The exhibit focuses on Black figures who appear in – or are omitted from – early American images through to the early 1800s. This exhibition makes clear that historical records do show that African Americans, both enslaved and free, lived and worked in the North in the pre-Civil War era. One of the real discoveries for me was the display of wares by Thomas W. Commeraw, a free Black potter in early colonial New York whose ceramics included pickled oyster jars and larger vessels like three-gallon jugs with fancy decorations. Researched by on-site artist in residence Mark Shapiro, these specific exhibits create an identity for people ‘hidden from history’ in the past. One of the more remarkable objects in the exhibit is a powder horn decorated with designs by a named artist called John Bush, an African American carver from Shrewsbury, MA.

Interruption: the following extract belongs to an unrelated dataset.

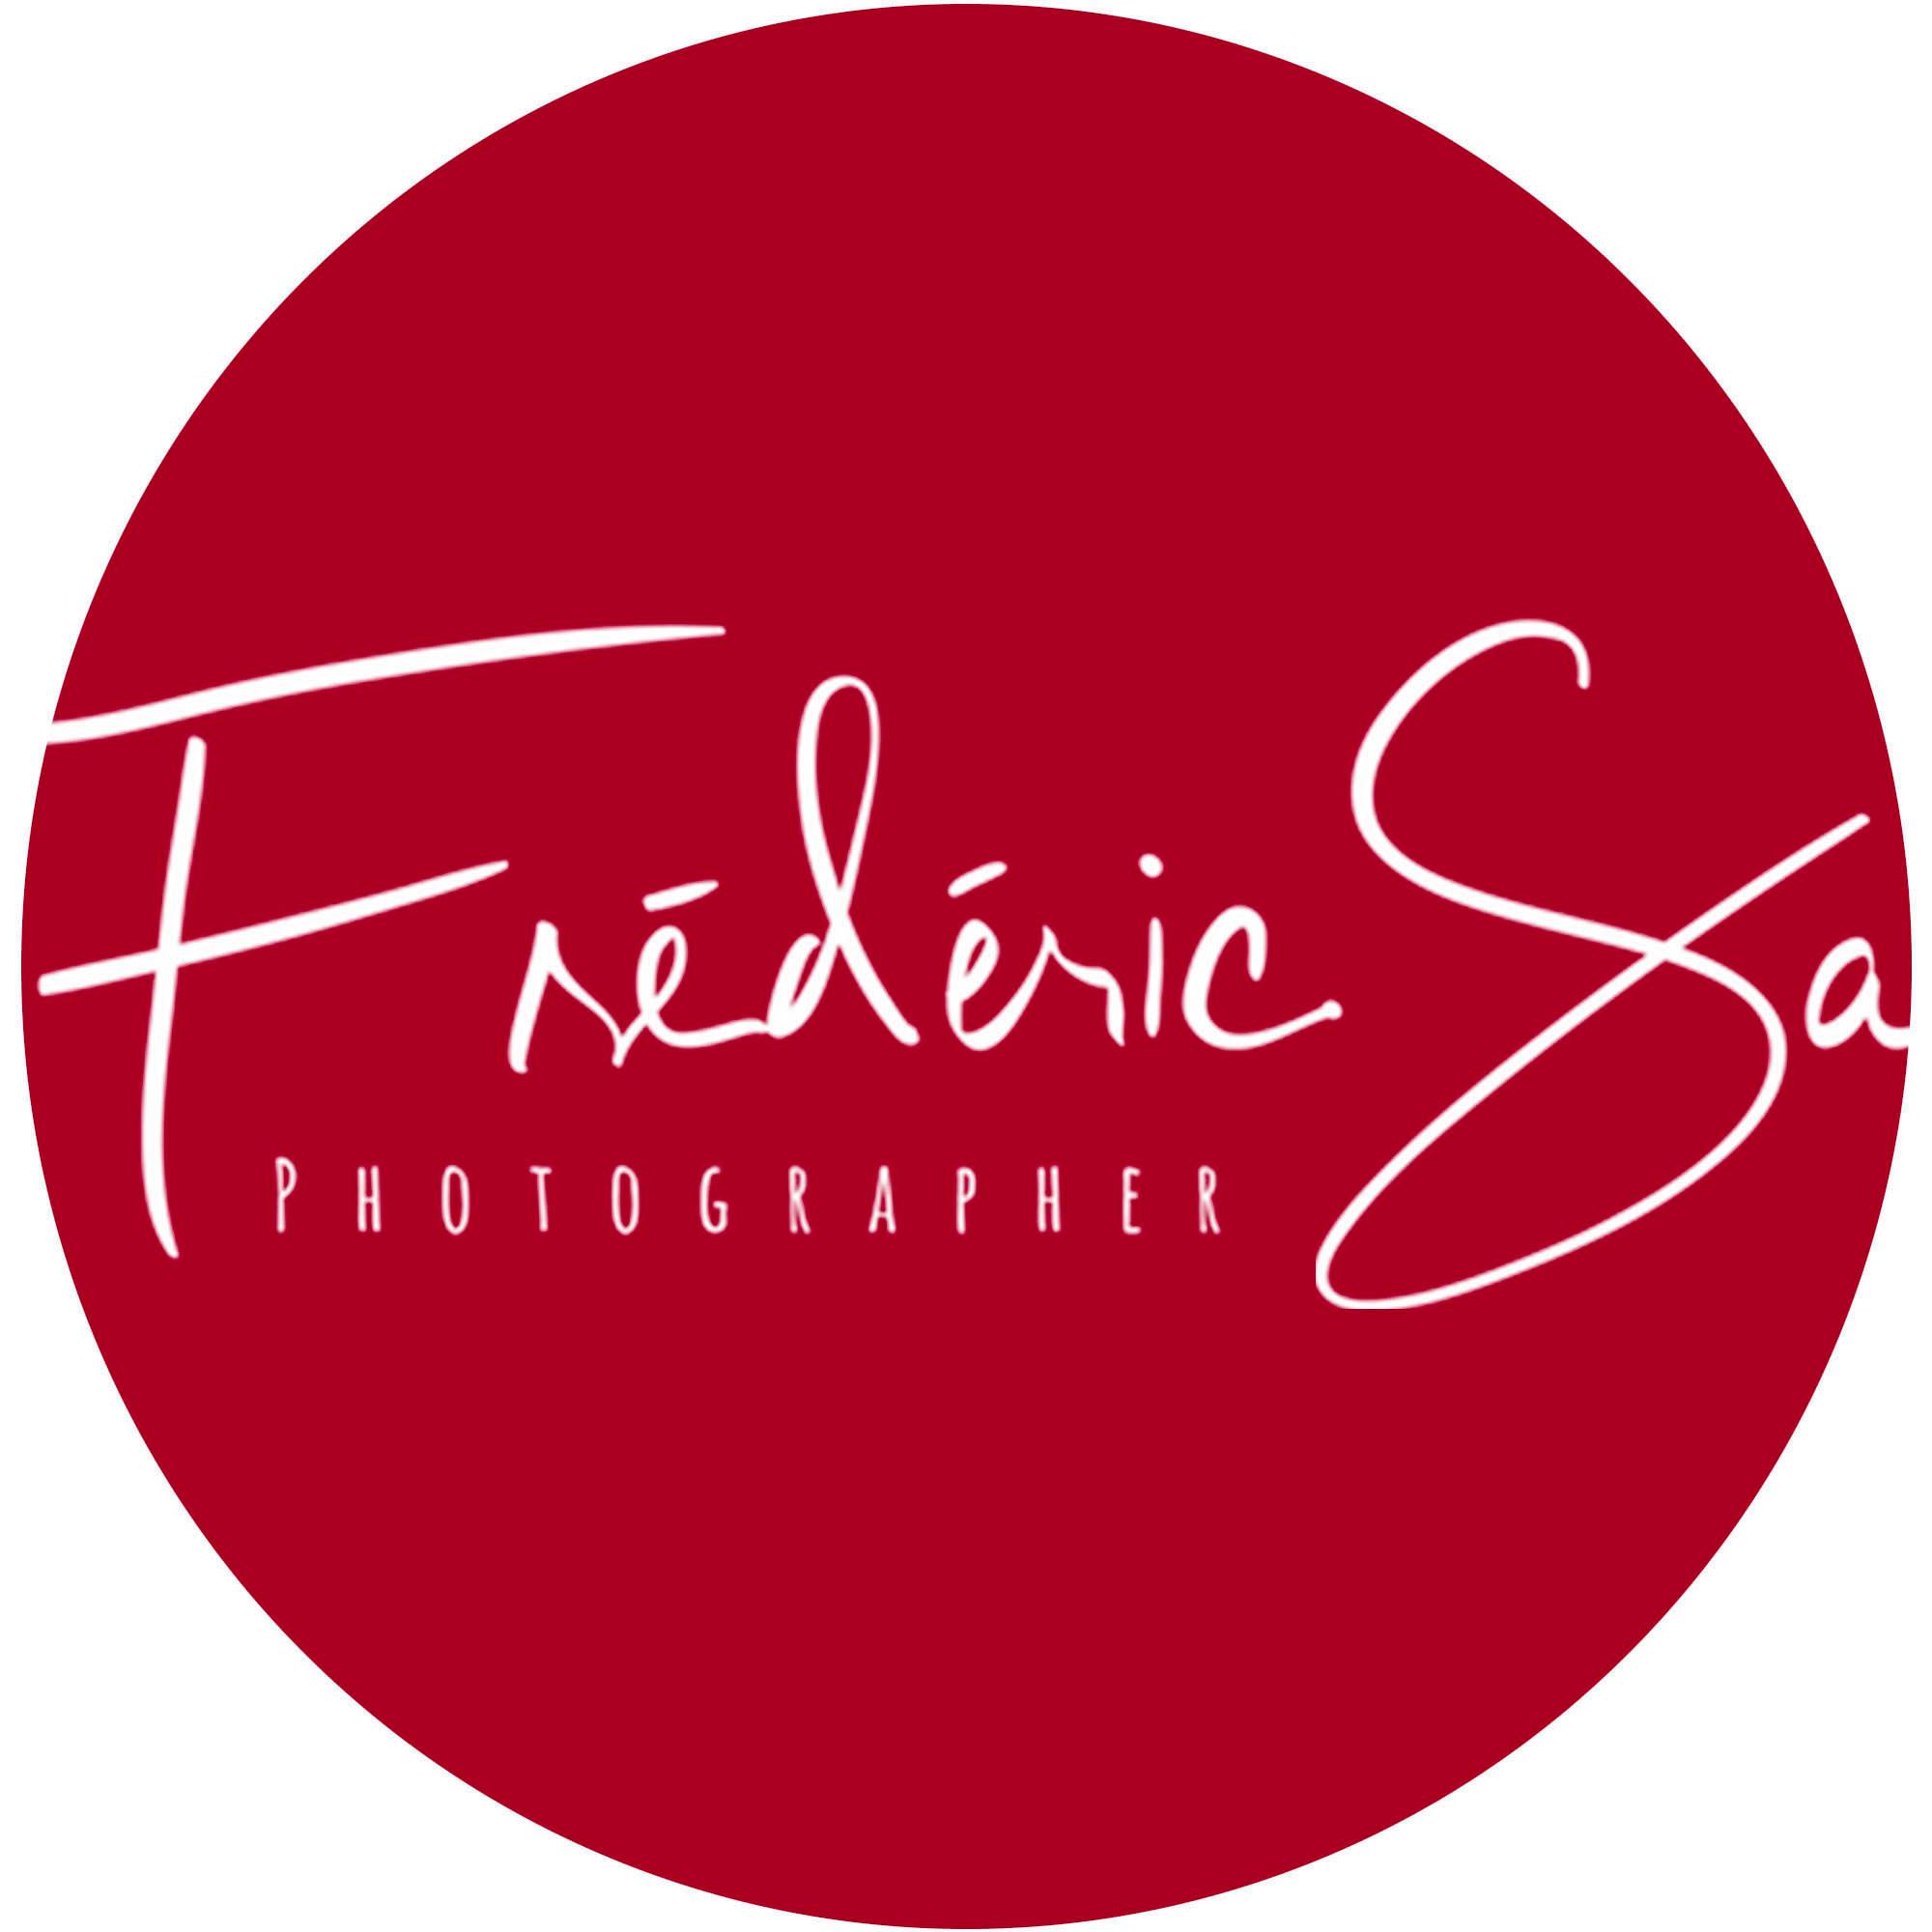 Frederic Saez

Ceramics by Thomas W. Commeraw (1771-1823) displayed at the exhibit :Unnamed Figures: Black Presence and Absence in the Early American North at Historic Deerfield.” Photo: Hetty Startup

Entry to Historic Deerfield’s historic houses on “The Street” and to the Flynt Center (where the Unnamed Figures exhibit is held) is by entry fee at their Visitor Center opposite the post office and Deerfield Inn. Many of our public libraries in this area have free passes to Historic Deerfield. This specific exhibit is made possible by the generosity of the Americana Foundation, that “supports sustainable development of agriculture and community food systems, the protection of natural resources and an inclusive narrative of early American art and history.”